» WORK TO BE COMPLETED
Whenever a picture appears in the listing below, leave it out, and copy exactly the lines from the one containing "Как сделать съемное" through the end.

» AVAILABLE DATA

● ● ● ●

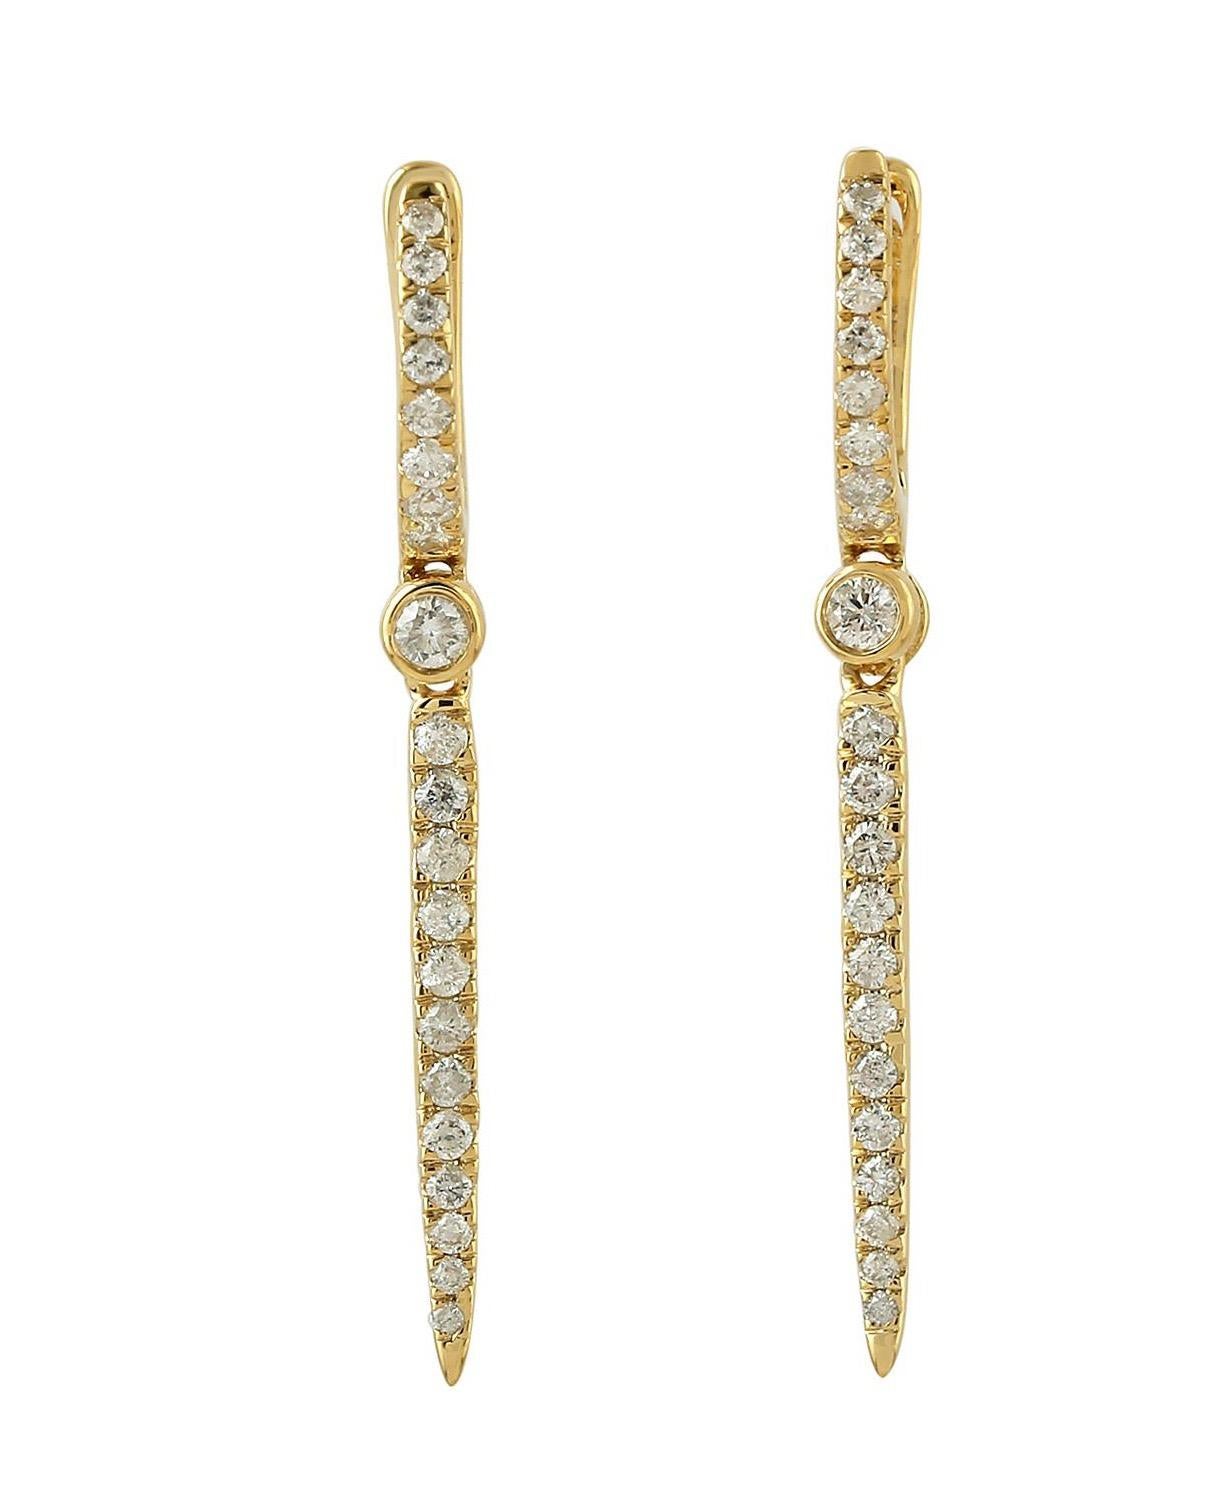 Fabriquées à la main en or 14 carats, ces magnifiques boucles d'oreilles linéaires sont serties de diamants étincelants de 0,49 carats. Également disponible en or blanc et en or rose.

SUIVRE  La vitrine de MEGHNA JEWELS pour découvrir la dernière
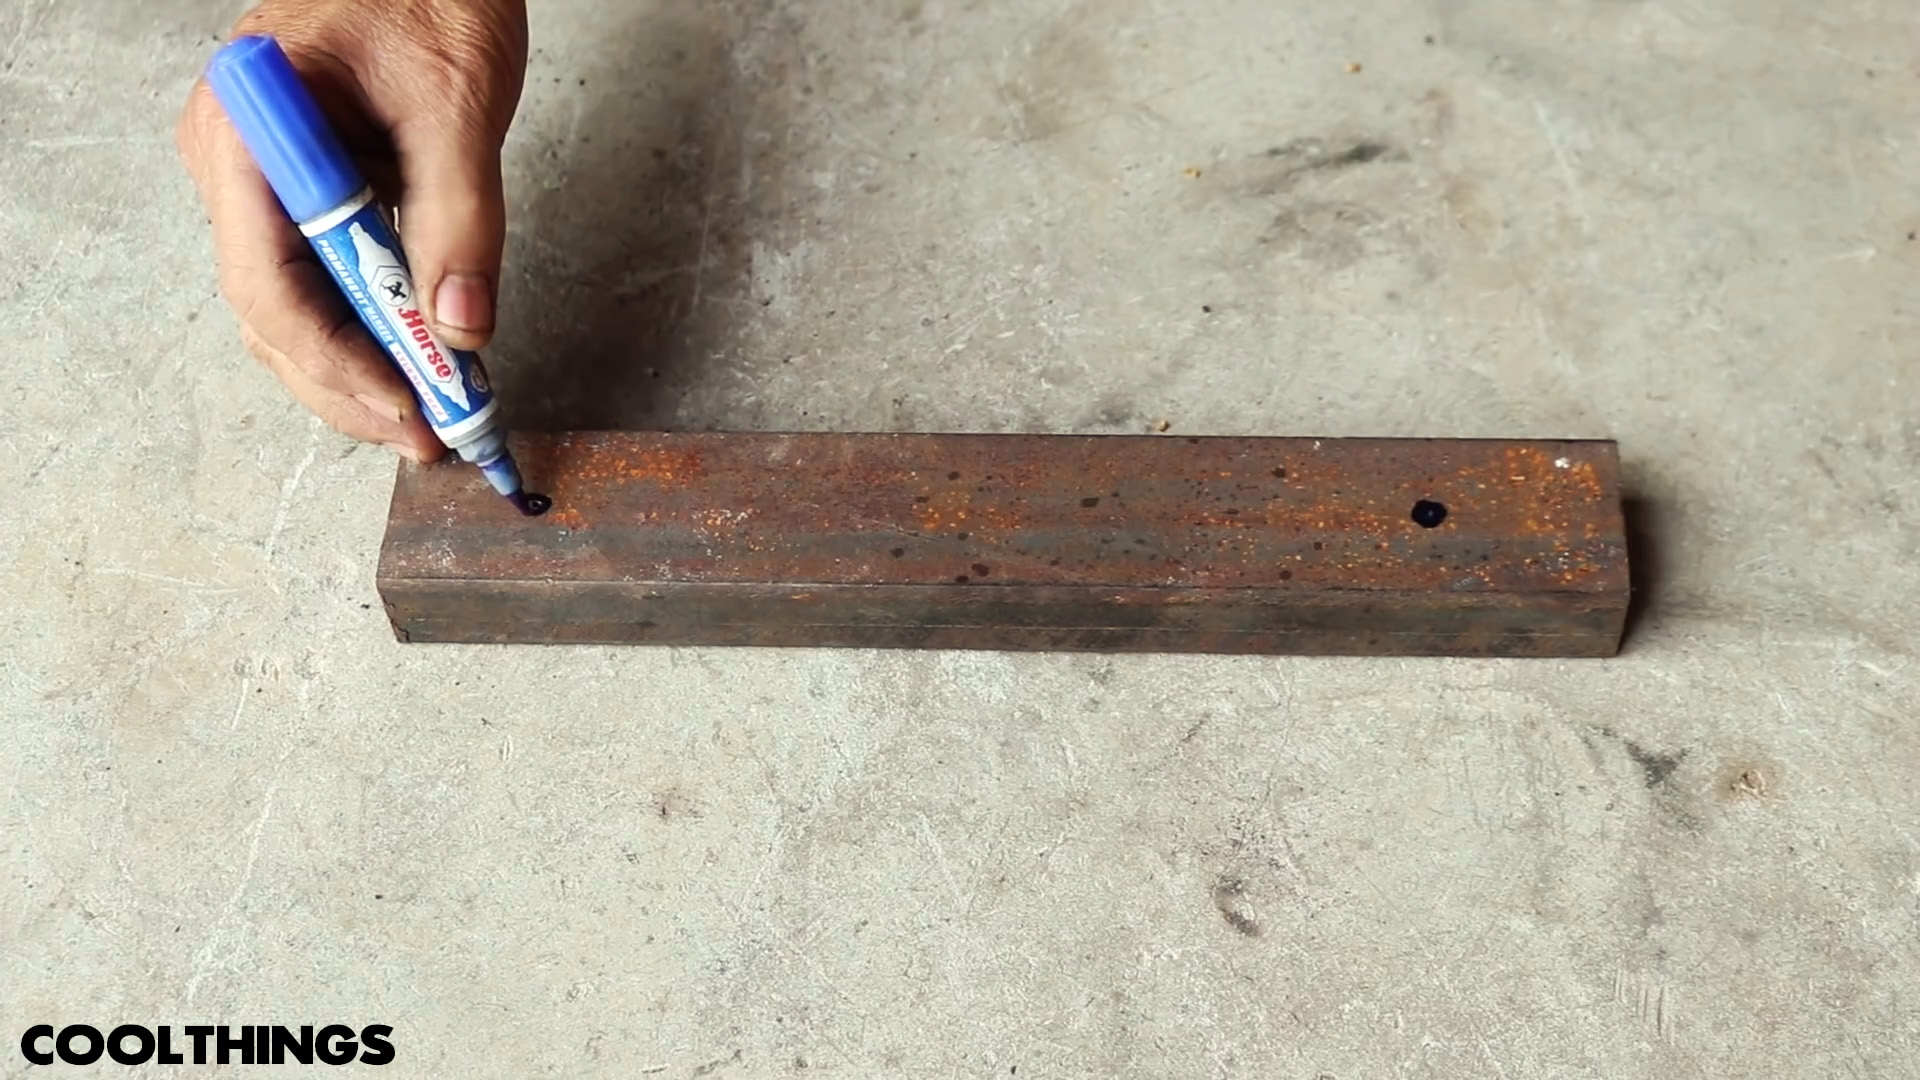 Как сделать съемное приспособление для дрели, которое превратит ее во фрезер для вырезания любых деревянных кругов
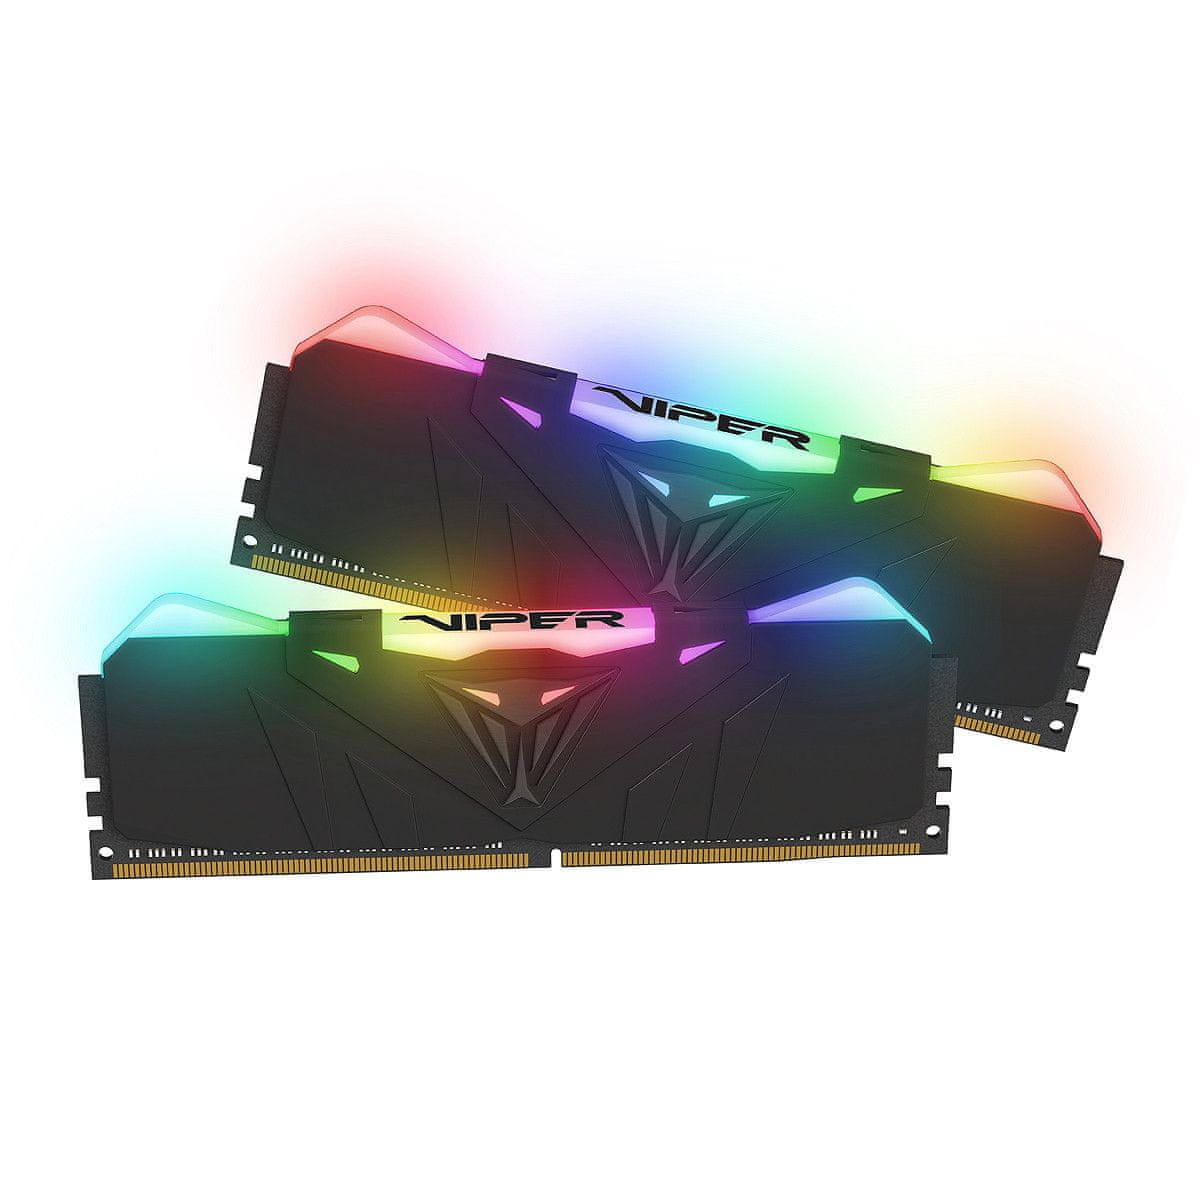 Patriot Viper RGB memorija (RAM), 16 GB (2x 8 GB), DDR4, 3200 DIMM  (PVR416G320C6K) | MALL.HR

● ● ● ●

» EXERCISE SOLUTION
 Как сделать съемное приспособление для дрели, которое превратит ее во фрезер для вырезания любых деревянных кругов
 Patriot Viper RGB memorija (RAM), 16 GB (2x 8 GB), DDR4, 3200 DIMM  (PVR416G320C6K) | MALL.HR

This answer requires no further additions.